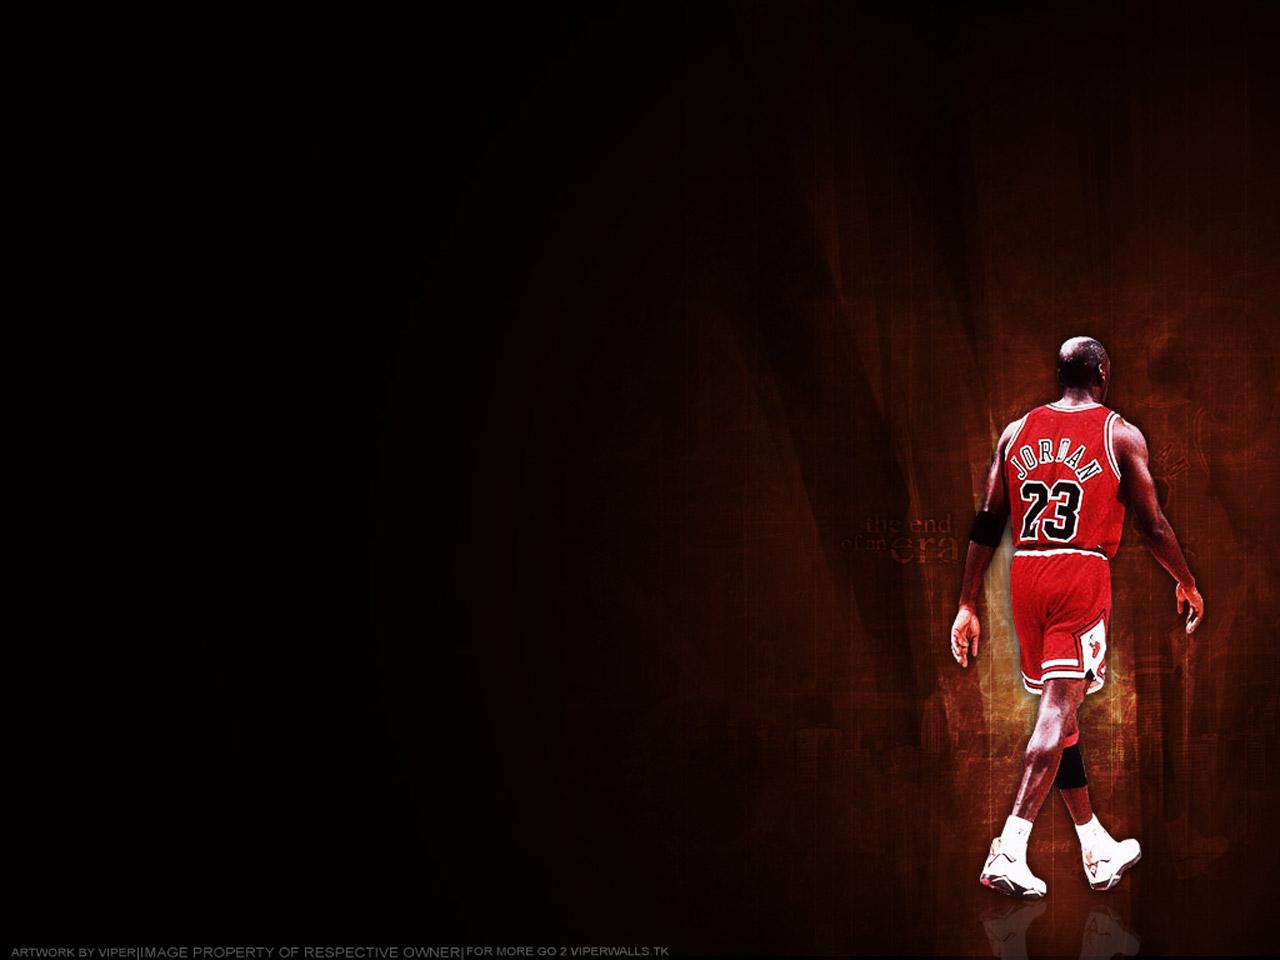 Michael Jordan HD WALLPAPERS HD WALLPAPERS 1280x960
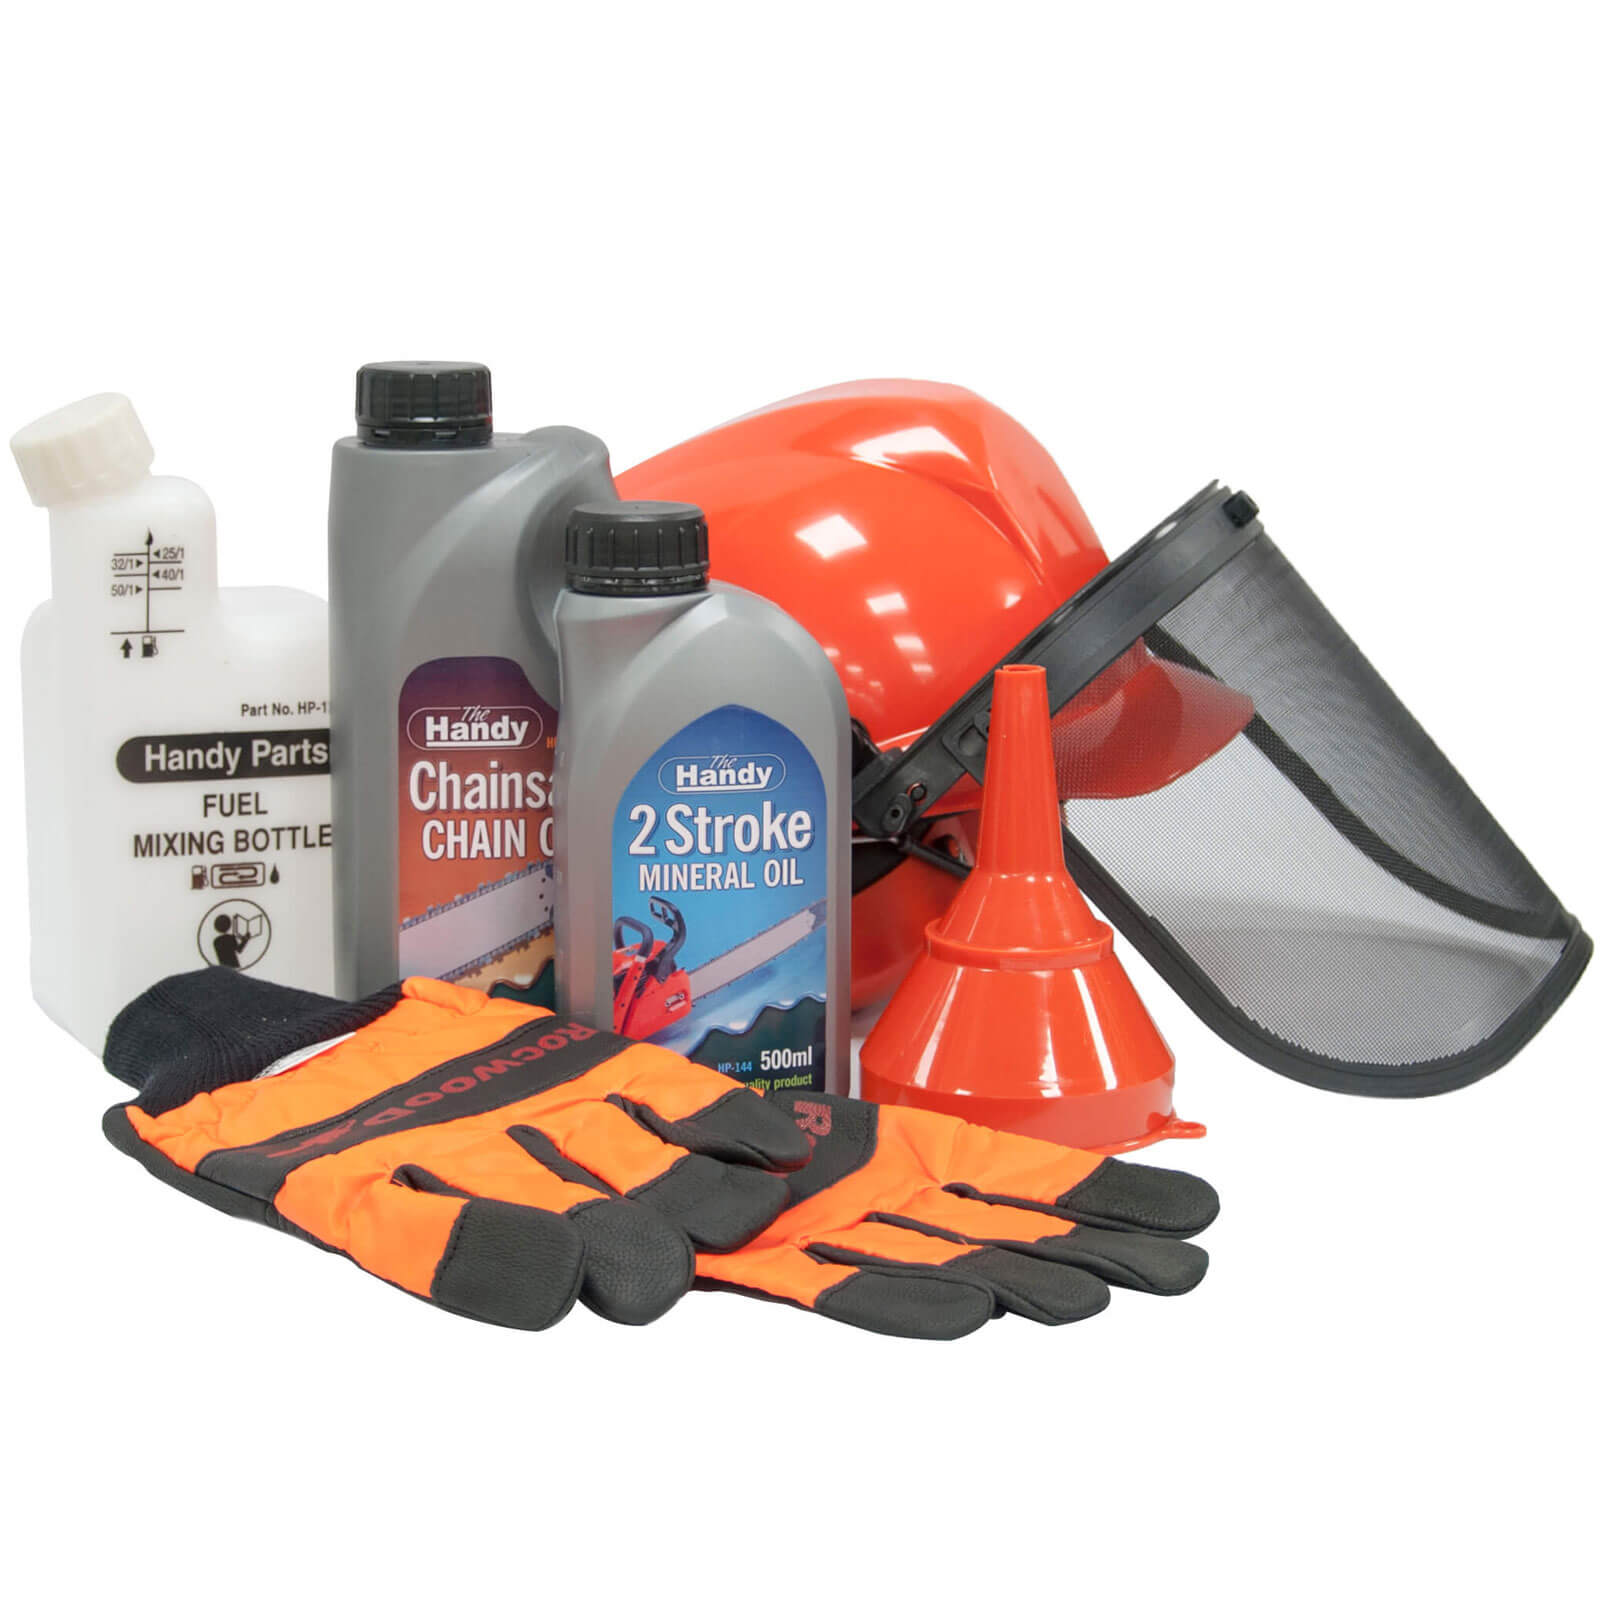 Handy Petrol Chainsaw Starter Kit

==

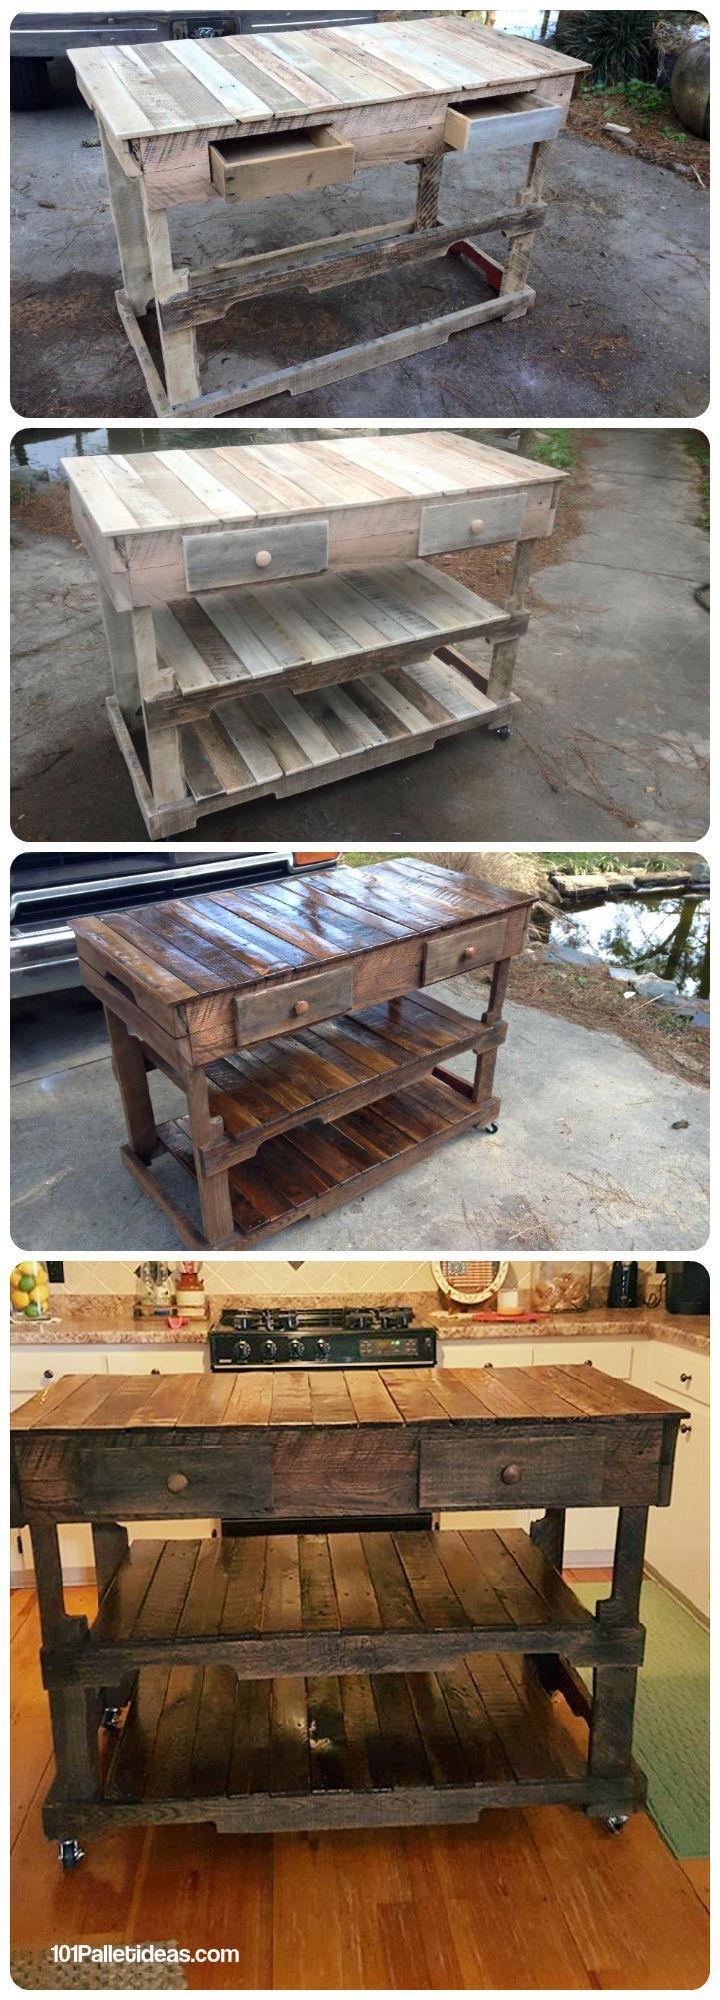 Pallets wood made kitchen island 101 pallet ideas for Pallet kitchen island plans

* * *

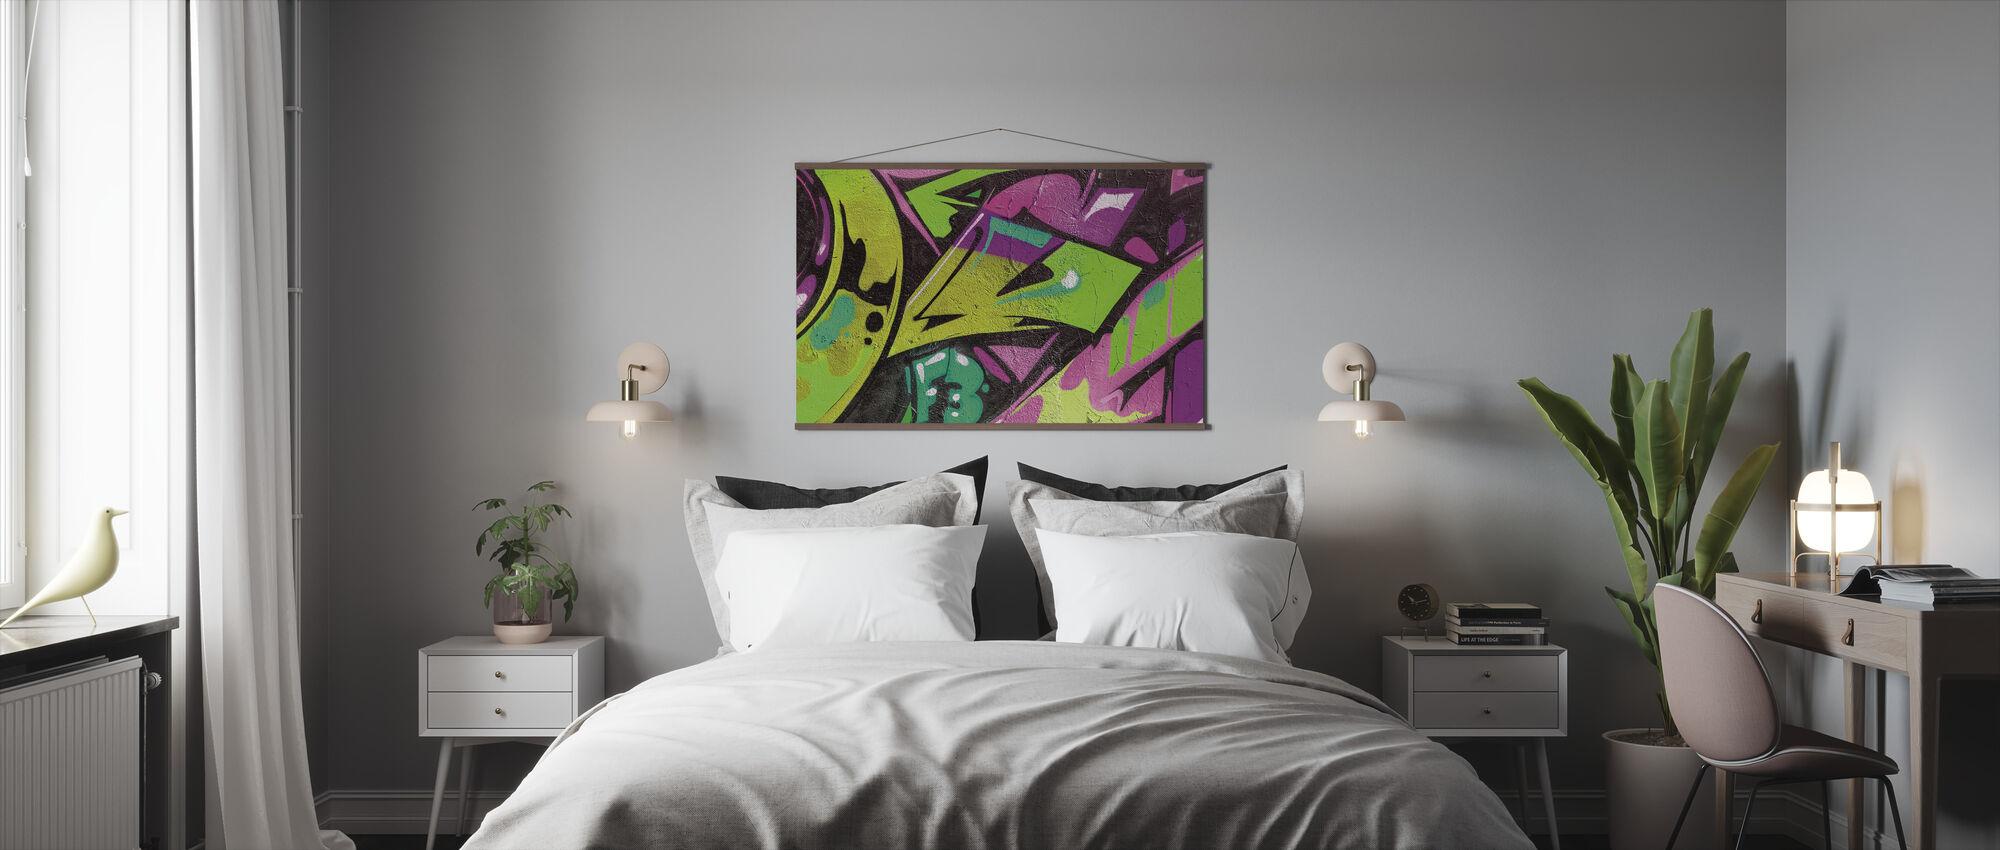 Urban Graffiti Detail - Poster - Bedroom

Brief: Output only the lines above from the one containing "Michael Jordan HD" to the one containing "Handy Petrol Chainsaw Starter Kit", both included, exactly as written and with no pictures.

Response area:
 Michael Jordan HD WALLPAPERS HD WALLPAPERS 1280x960
 Handy Petrol Chainsaw Starter Kit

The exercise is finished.